All over the world, children, teenagers, and adolescents are found always holding smart phones in their hands, and navigating from one site to the other. They do this in the morning, afternoon, and night daily. They do not agree to switch off their phones even when they are in the Church. As the sermon is going on, they are playing games and chatting with their friends. Children and young people of this era do not read their books as it used to be in the past. The screen technology has totally replaced the love for reading. They cannot differentiate between the Parts of Speech and the Figures of Speech.
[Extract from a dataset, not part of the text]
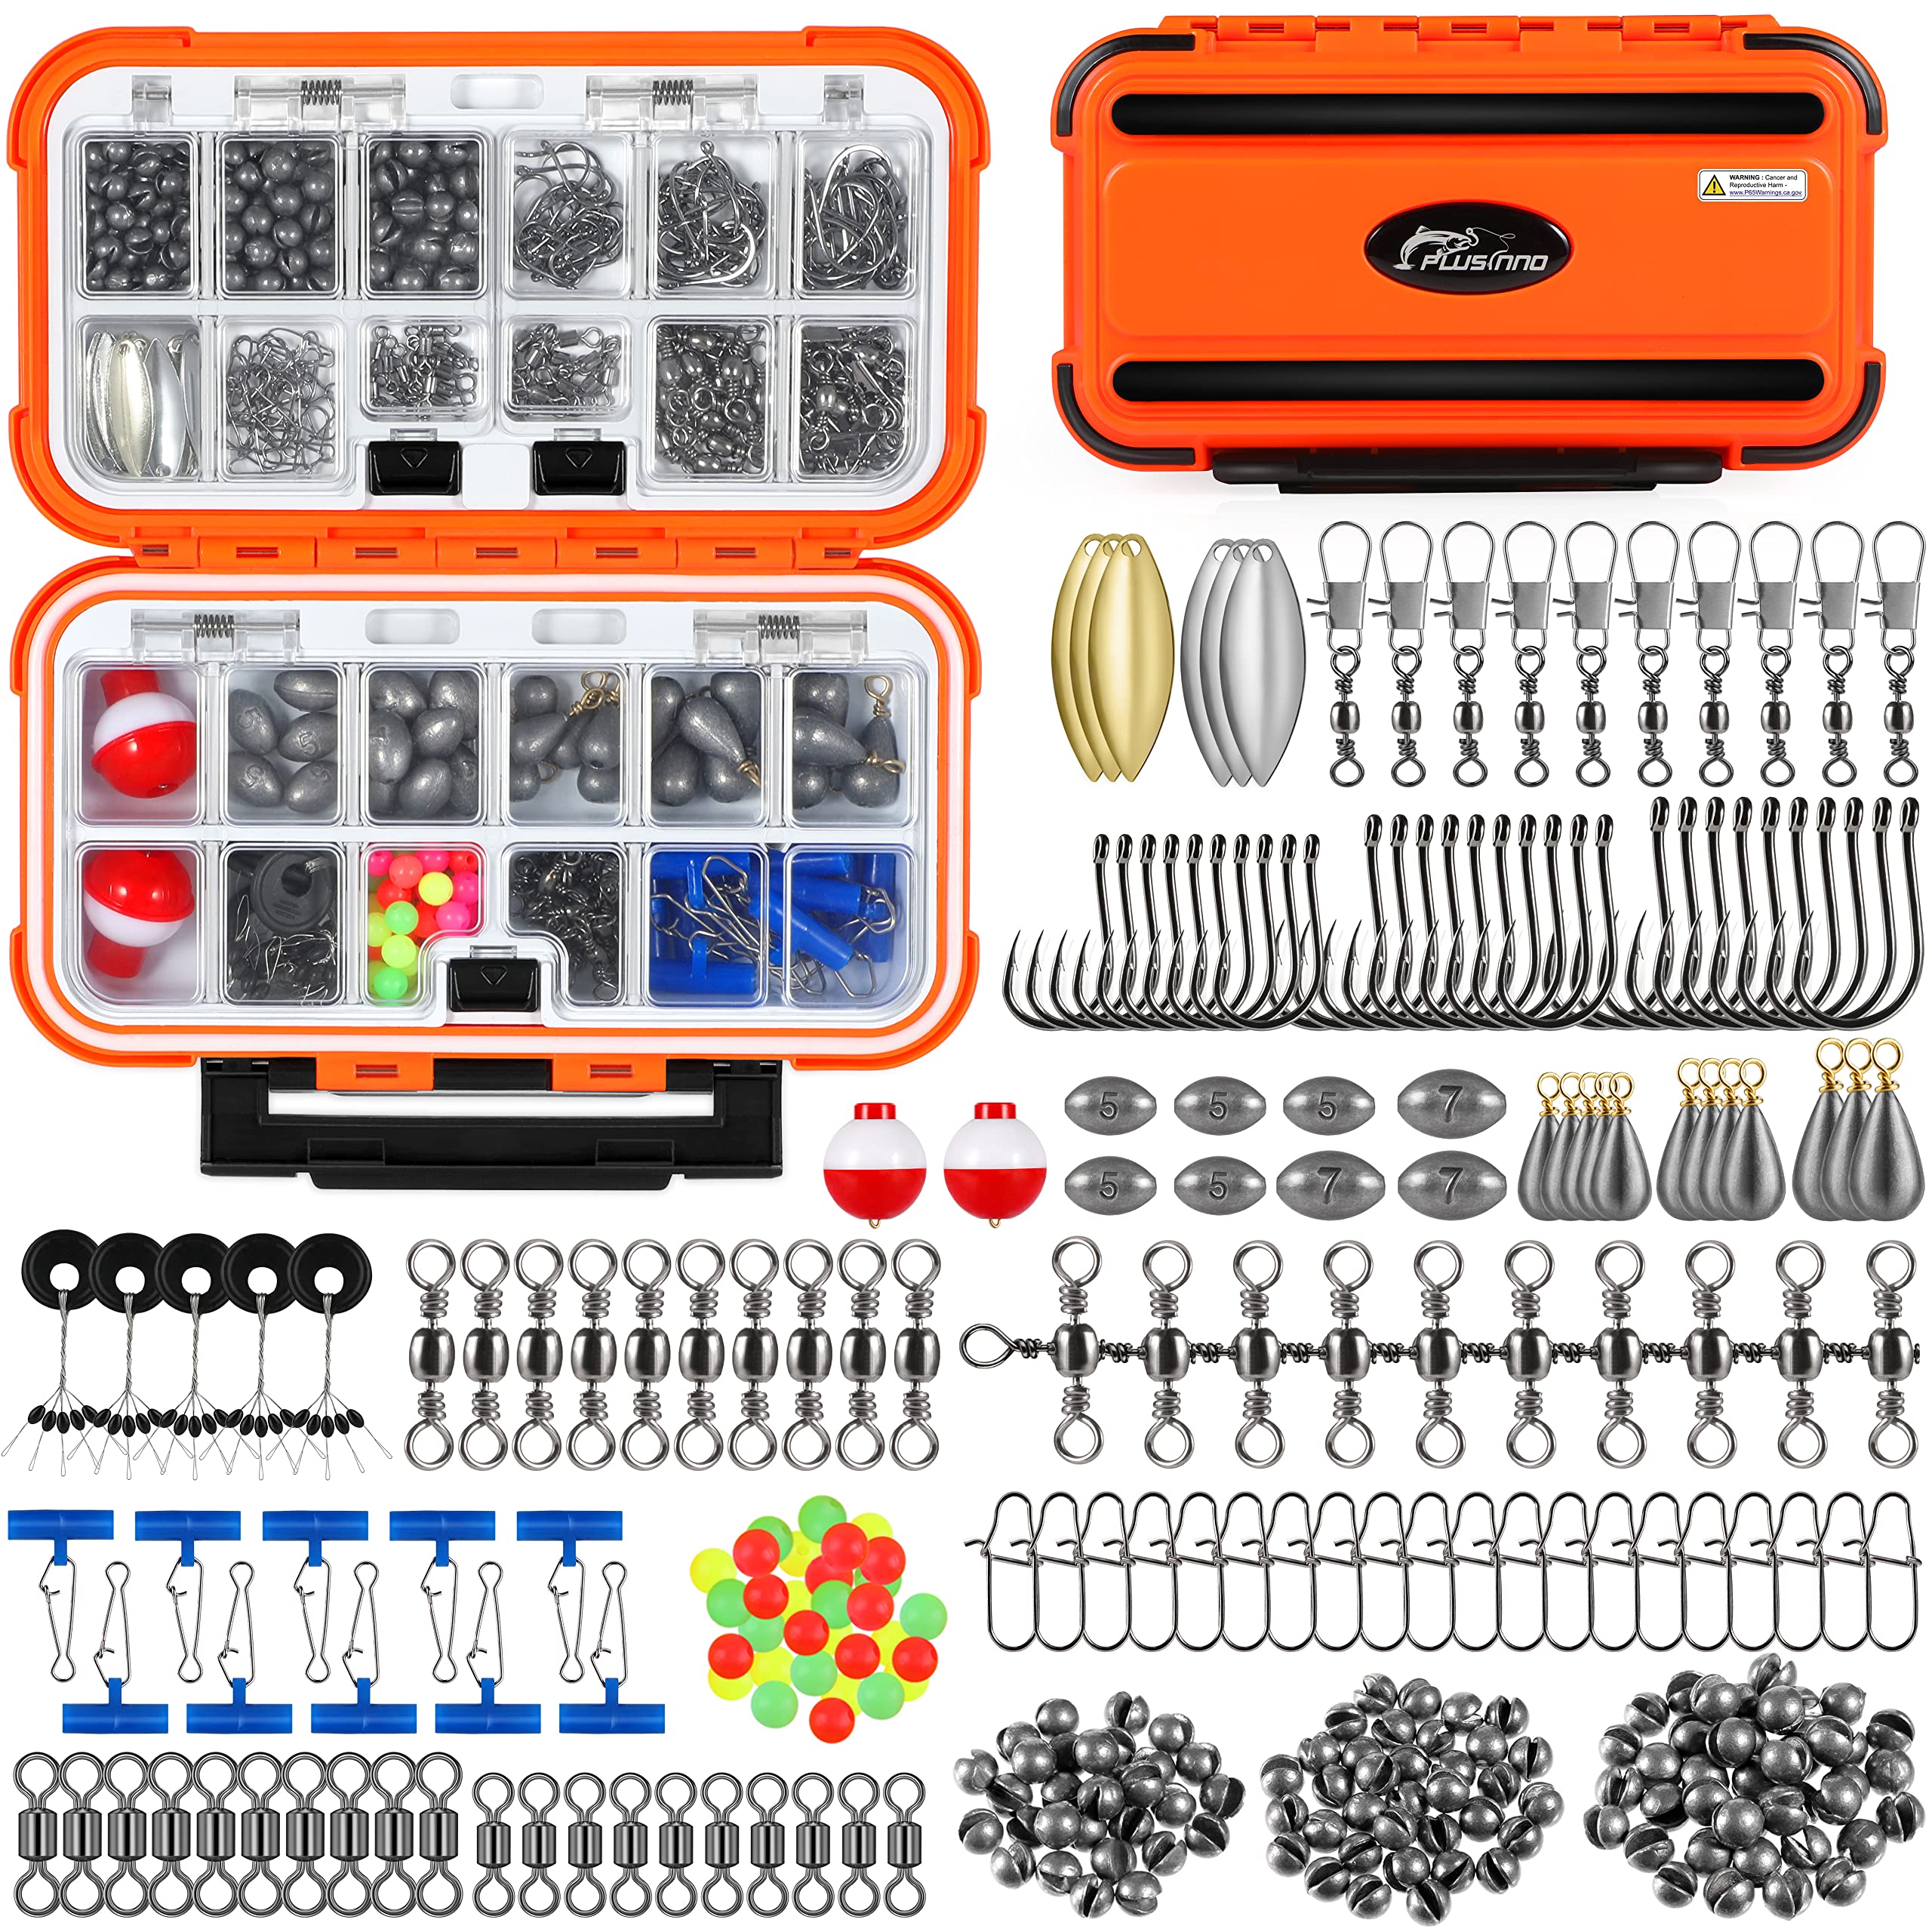 PLUSINNO 253/108pcs Fishing Accessories Kit, Fishing Tackle Box with Tackle  Included, Fishing Lures, Fishing Hooks

Neither do they know the difference between chalk and cheese. Education has fallen to the lowest ebb globally as a result of the proliferation of technology and excessive screen time. The problem is not the technology itself, but the wrong habit of using it. There was a day I met two boys (siblings) in a business centre. They were between 8 and 11 years old. They came to take passport pictures either for their international passports processing or school admission. When they were asked to sit down for capturing by the camera, they declined because they were still busy playing games in their smart phones. Their indulgent mother was not able to persuade them to get up for the capturing. It took the intervention of people in the business centre before they left their games to proceed with what they came for. If these boys could be so addicted to the screen to behave that way in public, it obviously means that they have no time for reading at home. It also means that their parents, especially their mother, are inactive and indulgent as well. We all saw the true power of screen addiction and the glaring evidence of poor parenting in that family within that short space of time. These boys were just like a rudderless ship drifting towards an iceberg! It is meaningless to have children that we cannot raise up properly.
In summary, by setting limits on excessive screen time and promoting healthy screen use habits, parents, caregivers, and educators can help children achieve academic success and develop essential life skills.